Pour la 4ème édition de Slick - du 23 au 26 octobre 2009 au 104 - Cécile Griesmar et Johan Tamer-Morael ont retenu 61 galeries (58 en 2008) offrant un large panorama de la jeune scène artistique française et internationale. Toujours en quête de courants novateurs, la foire confirme son rôle de tremplin pour les jeunes galeries et leurs artistes (parfois moins de 25 ans).


Tenue en marge de la Fiac, Slick - qui se revendique comme la « foire de découvertes en art contemporain » - se veut « inventive, tonique, audacieuse, stimulante et ambitieuse ». Pour y parvenir, elle s'appuie sur quelques galeries qui ont son âge - GPH à Toulouse, Lacen à Paris, ou Elaine Levy à Bruxelles (2006) - ainsi que sur d’autres un peu plus jeunes : les galeries parisiennes Kernot Art, Russian Tea Room ou L.J (2007), Rec ou Hagalleria (2008), ou encore MAM créée cette année à Rouen.

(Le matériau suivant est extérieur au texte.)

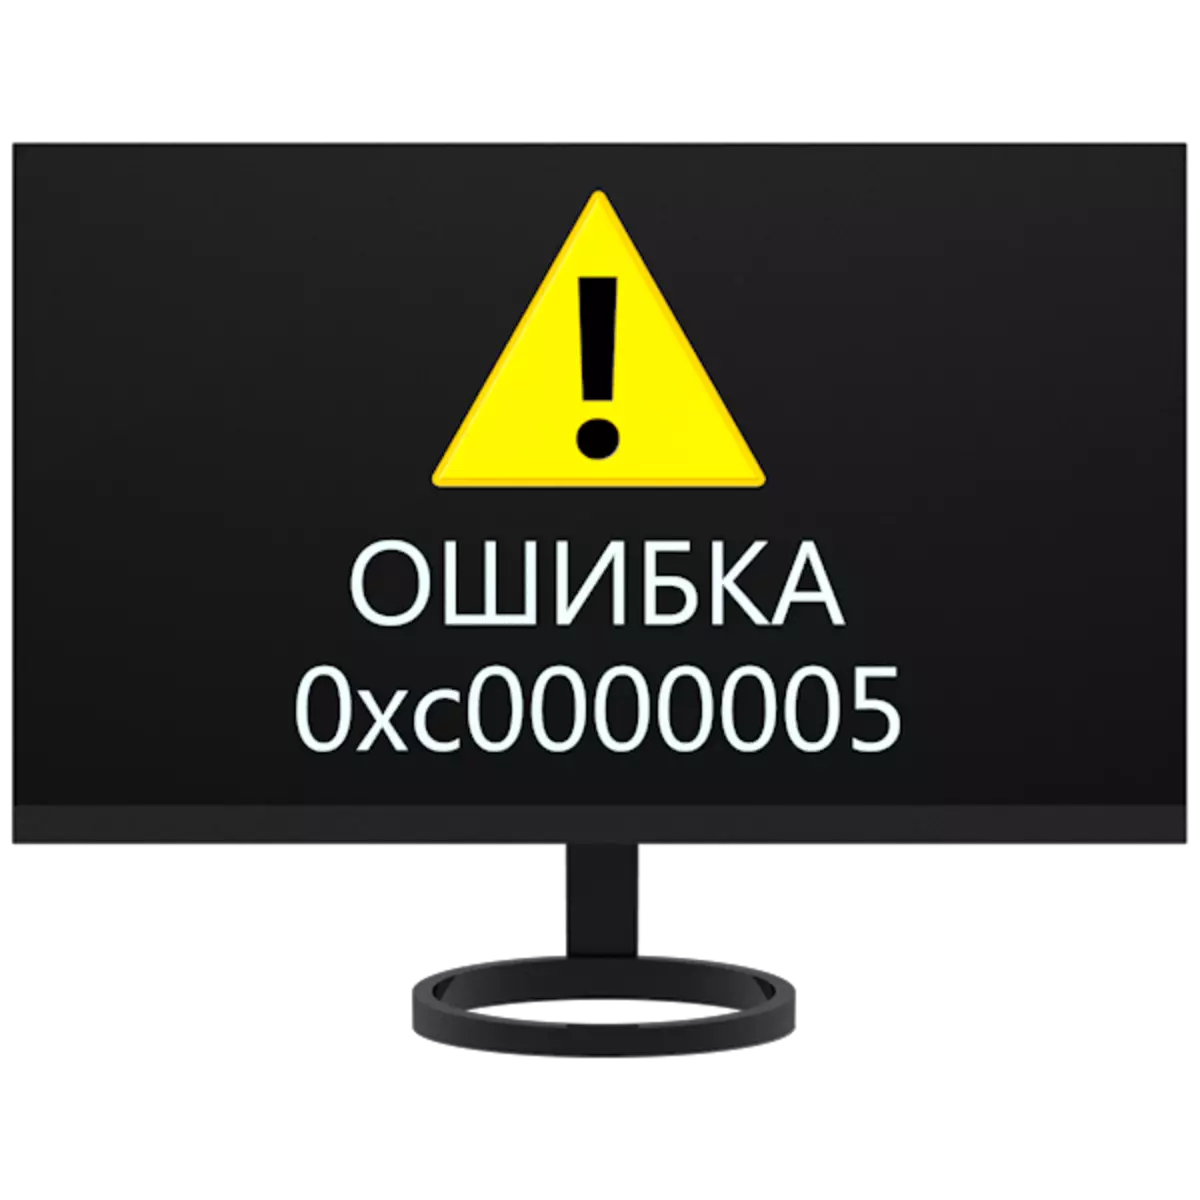 Windows 7中的纠错0xC0000005

La jeune scène artistique internationale sera bien représentée, venant de : Belgique, Espagne, Pologne, Russie, Allemagne, Danemark, Hongrie, Italie, Japon, Brésil, Etats-Unis, Israël… Et les formes artistiques seront plurielles pour cette 4éme édition : photographie, vidéo, sculptures, dessins, multimédia, gravures, peintures, installations parfois monumentales, performances…

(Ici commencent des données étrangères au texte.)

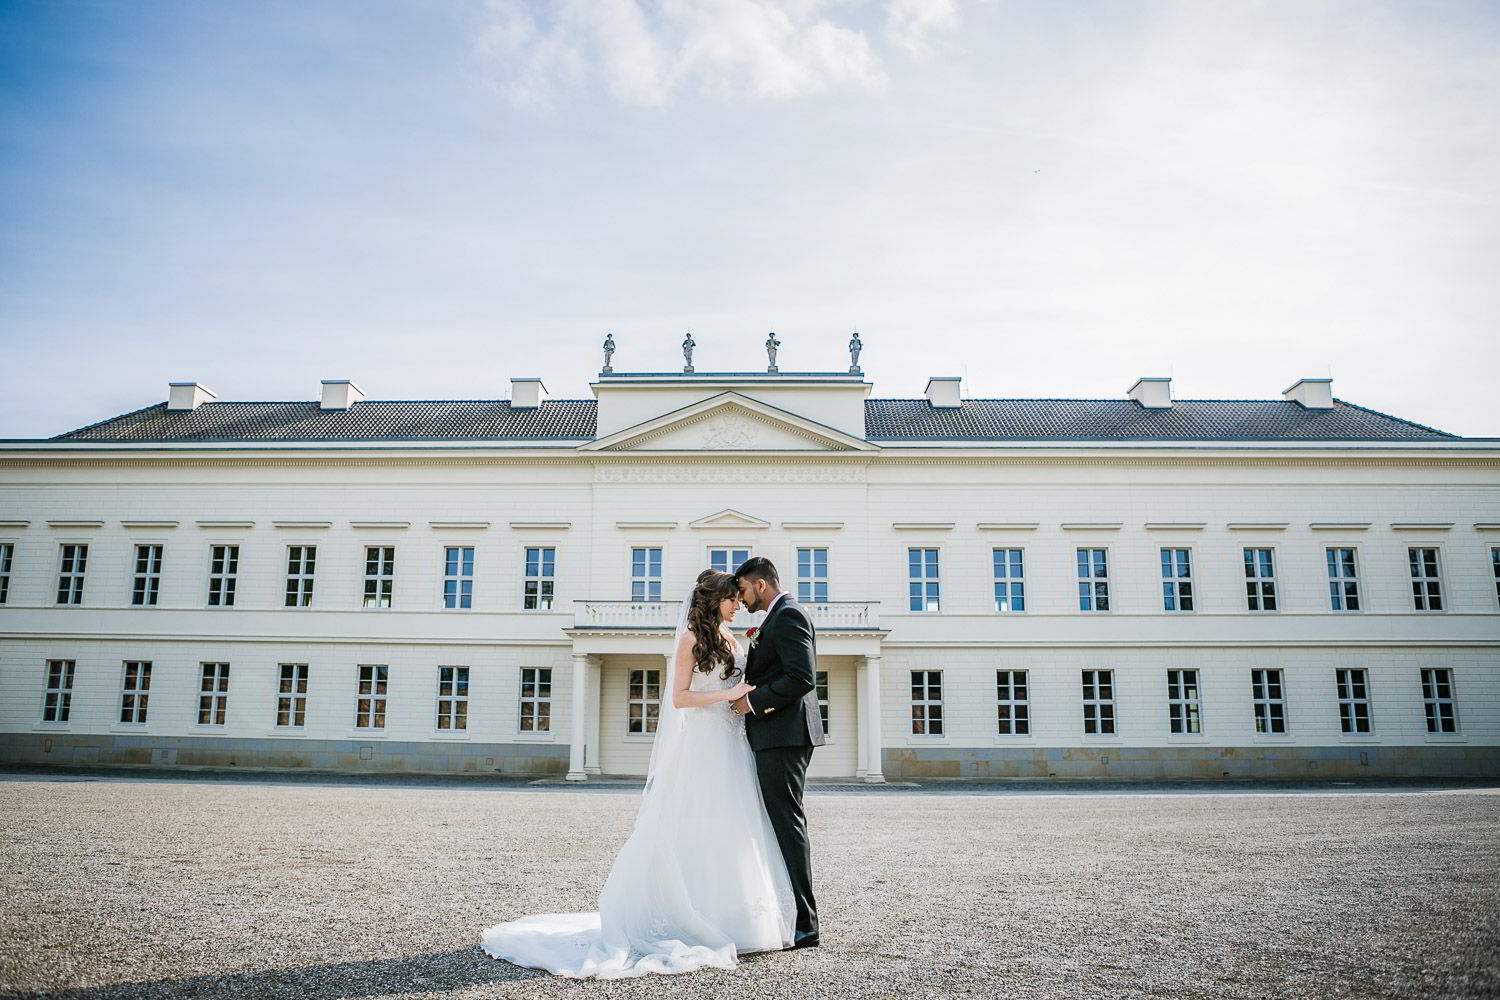 Brautpaar vor dem Eingang in Herrenhäuser Gärten Hannover

La photographie sera largement présente avec :

  • la galerie Piekary (Pologne) qui possède le plus grand fond de photographie abstraite de l’Est ;
  • la galerie Barnoud (France-Dijon) où la photographie interroge l’histoire de l’art (étonnante interprétation du Penseur de Rodin par Colette Hyvrard, ou les monuments publics revus par Emeka Udemba) ;
  • la galerie Plume (France-Paris) où la photographie interprète le quotidien ; souvent urbain (Gabriel Desplanque, Lorena Diaz, Edouard Plongeon…) ;
  • la galerie Lacen (France-Paris) qui choisit la photographe russe Alexandra Catière, ou encore les corps endormis et lumineusement drapés de Wanda Skonieczny ;
  • ADN Galeria (Espagne-Barcelone) qui présente les installations photographiques incisives de Carlos Aires ;
  • Hagalleria (France-Paris) qui retient les images d’Israël par Didier ben Loulou ;
  • la galerie Sit Down (France-Paris) qui se penche sur les voyages de l’Américain Robert McCabe ;
  • la Russian Tea Room (France-Paris) qui présente les photographes russes Sergey Maximishin (excellent photojournaliste), Oleg Dou (troublants portraits numériques) et Dasha Yastrebova ;
  • la Kernot Art galerie (France-Paris) qui interroge le monde, ses mutations technologiques, avec Maria Rebecca Ballestra et Gayle Chong Kwan ;
  • la galerie Sycomore Art (France-Paris) qui expose Frédéric Nakache qui s’interroge sur la mémoire et l’action du temps ;
  • la galerie Duplex (France-Toulouse) qui présente les photographies de Cédric Cottaz.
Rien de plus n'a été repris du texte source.